Description of the task:
Each line in the material below must be transcribed exactly; no picture belongs in the copy.

Raw data:
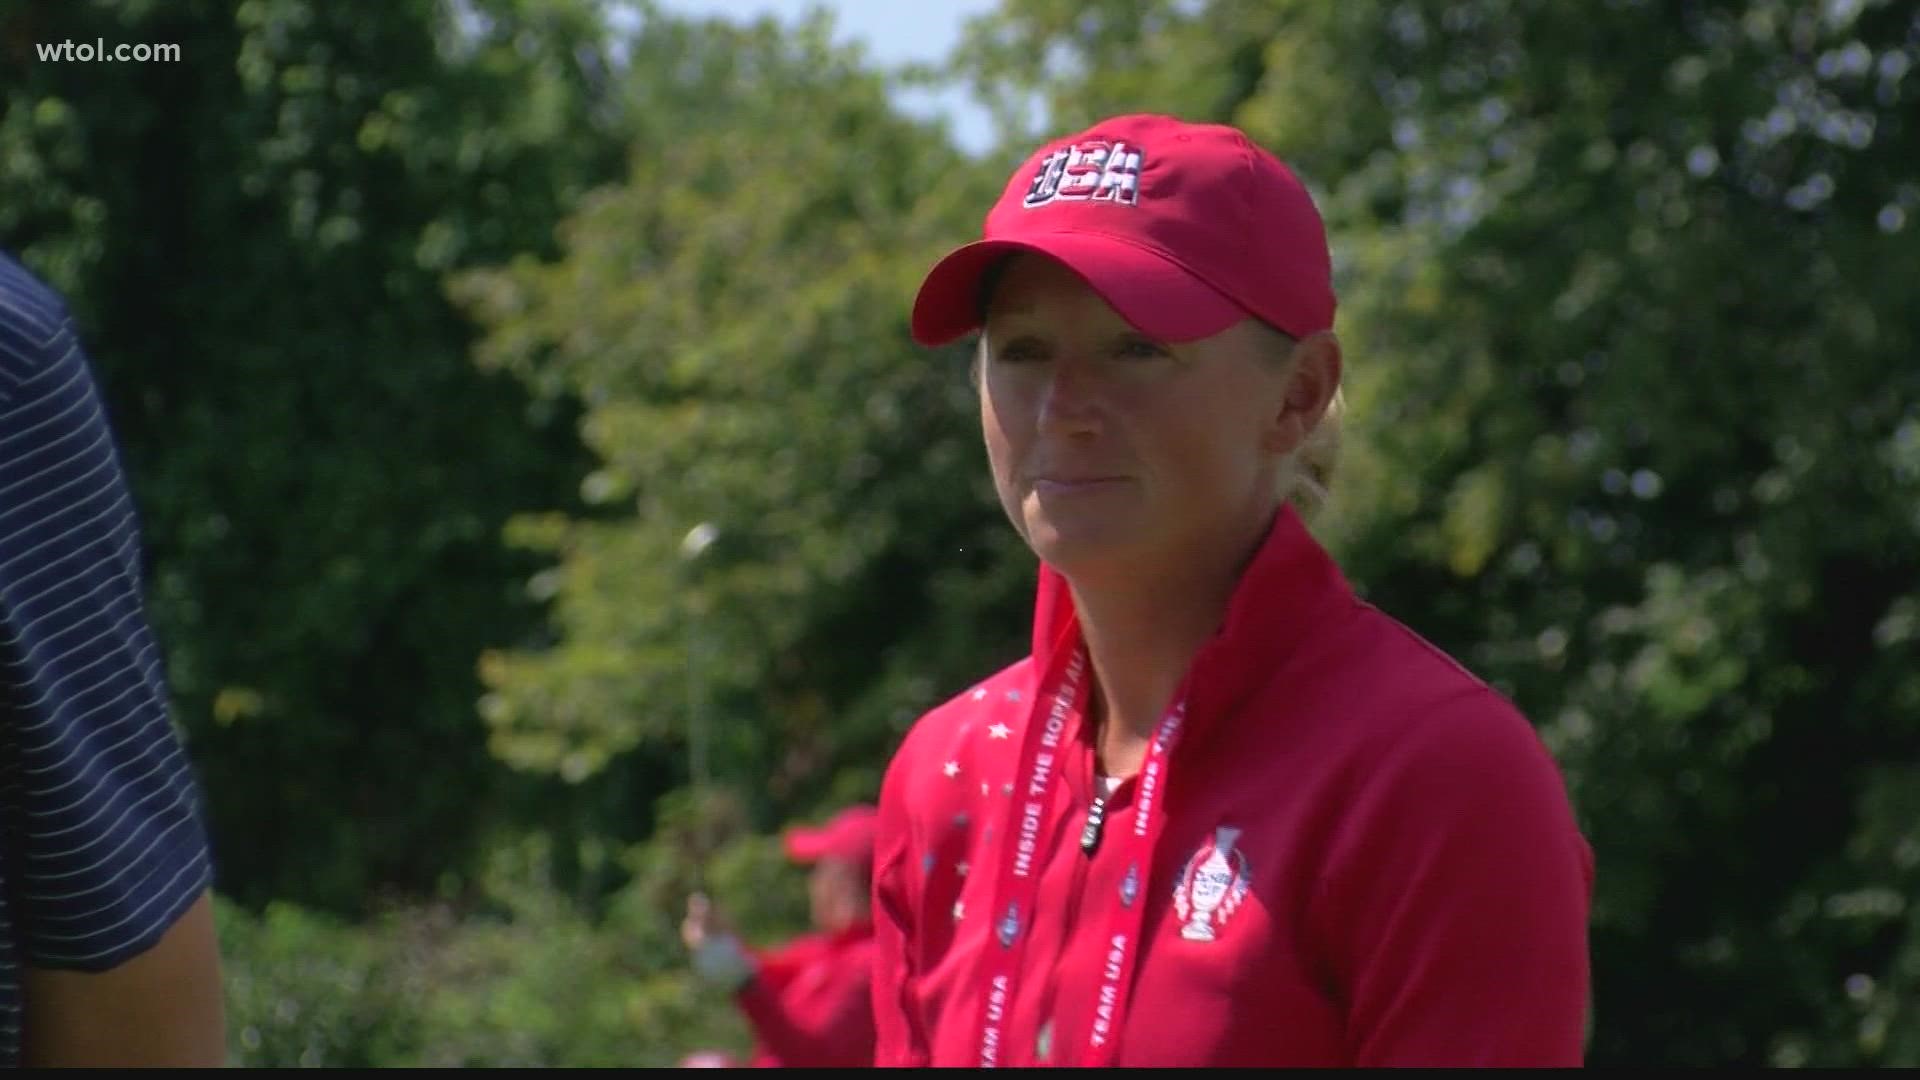 Lewis, a fan favorite, played a huge role in getting the Solheim Cup to Toledo, but will not be playing in the tournament.
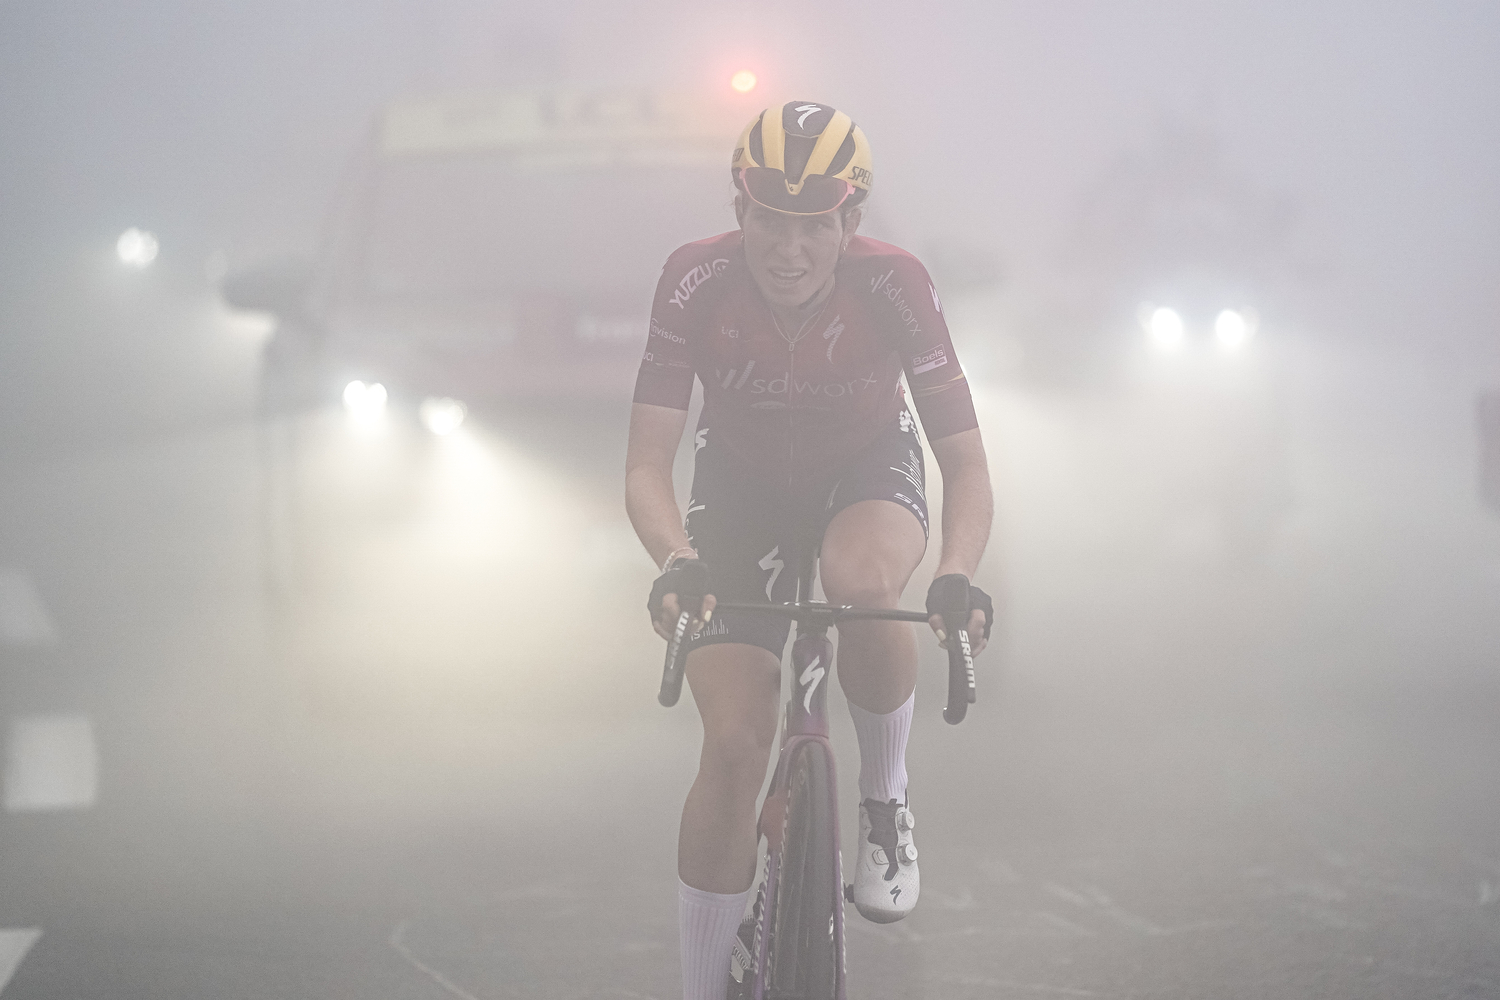 Tour de France Femmes Stage 7: Vollering Takes Her Climbing Crown on Tourmalet
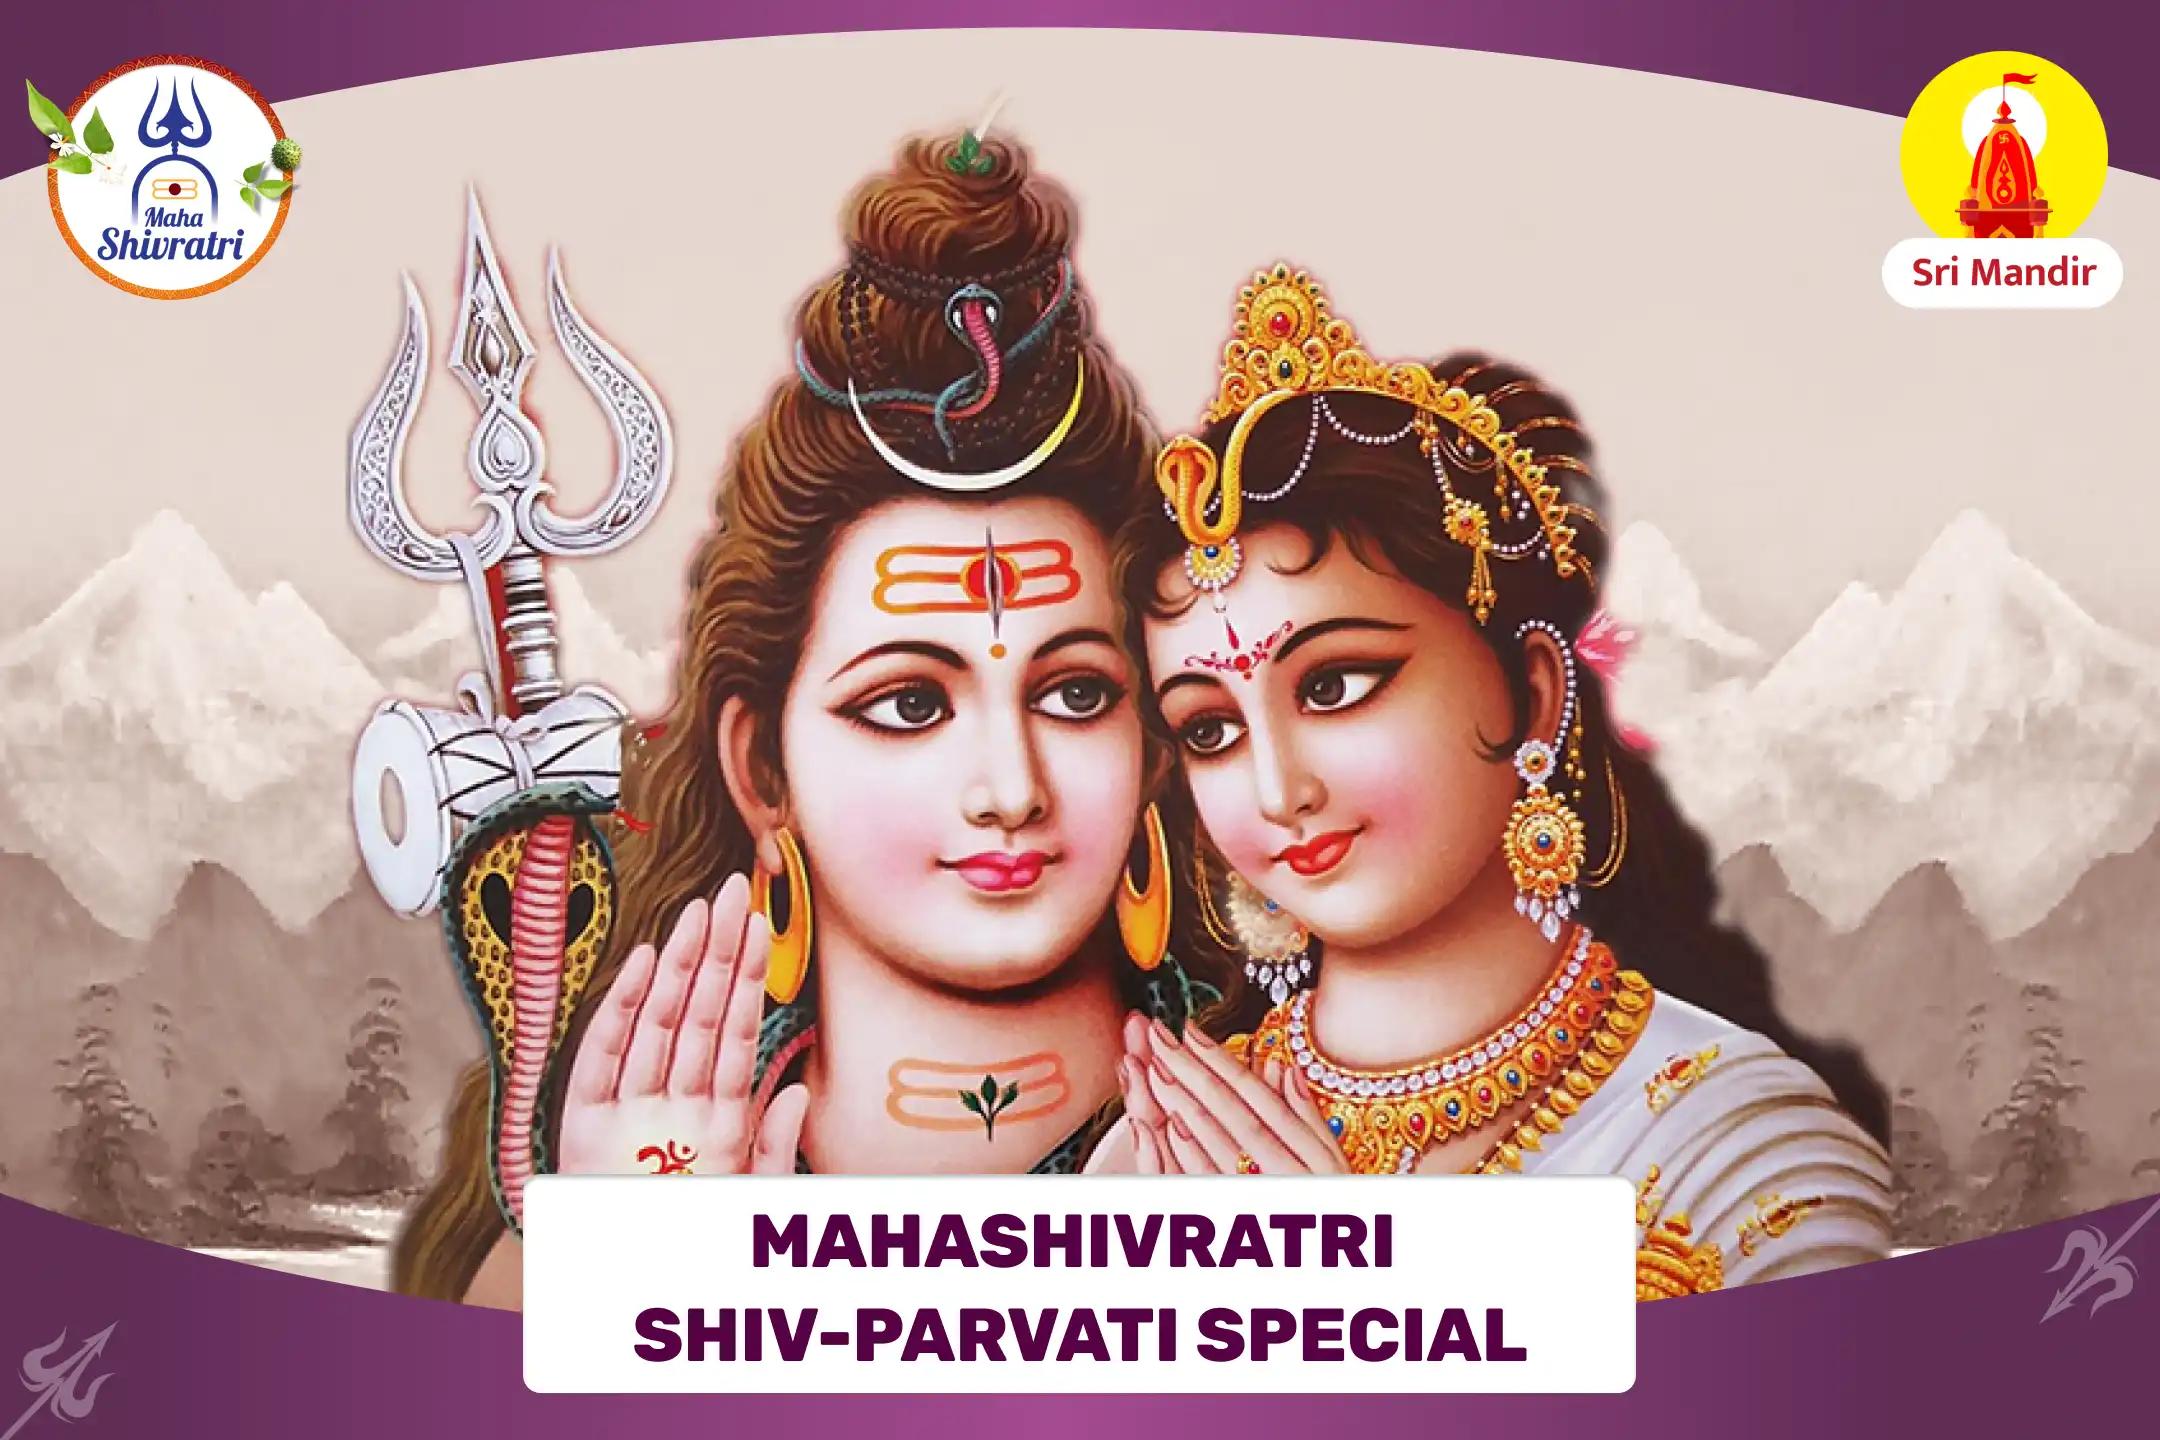 Mahashivratri Special Shiva-Parvati Vivah Puja To Resolve Conflicts and Achieve Bliss in Relationship

Solved exercise:
 Lewis, a fan favorite, played a huge role in getting the Solheim Cup to Toledo, but will not be playing in the tournament.
 Tour de France Femmes Stage 7: Vollering Takes Her Climbing Crown on Tourmalet
 Mahashivratri Special Shiva-Parvati Vivah Puja To Resolve Conflicts and Achieve Bliss in Relationship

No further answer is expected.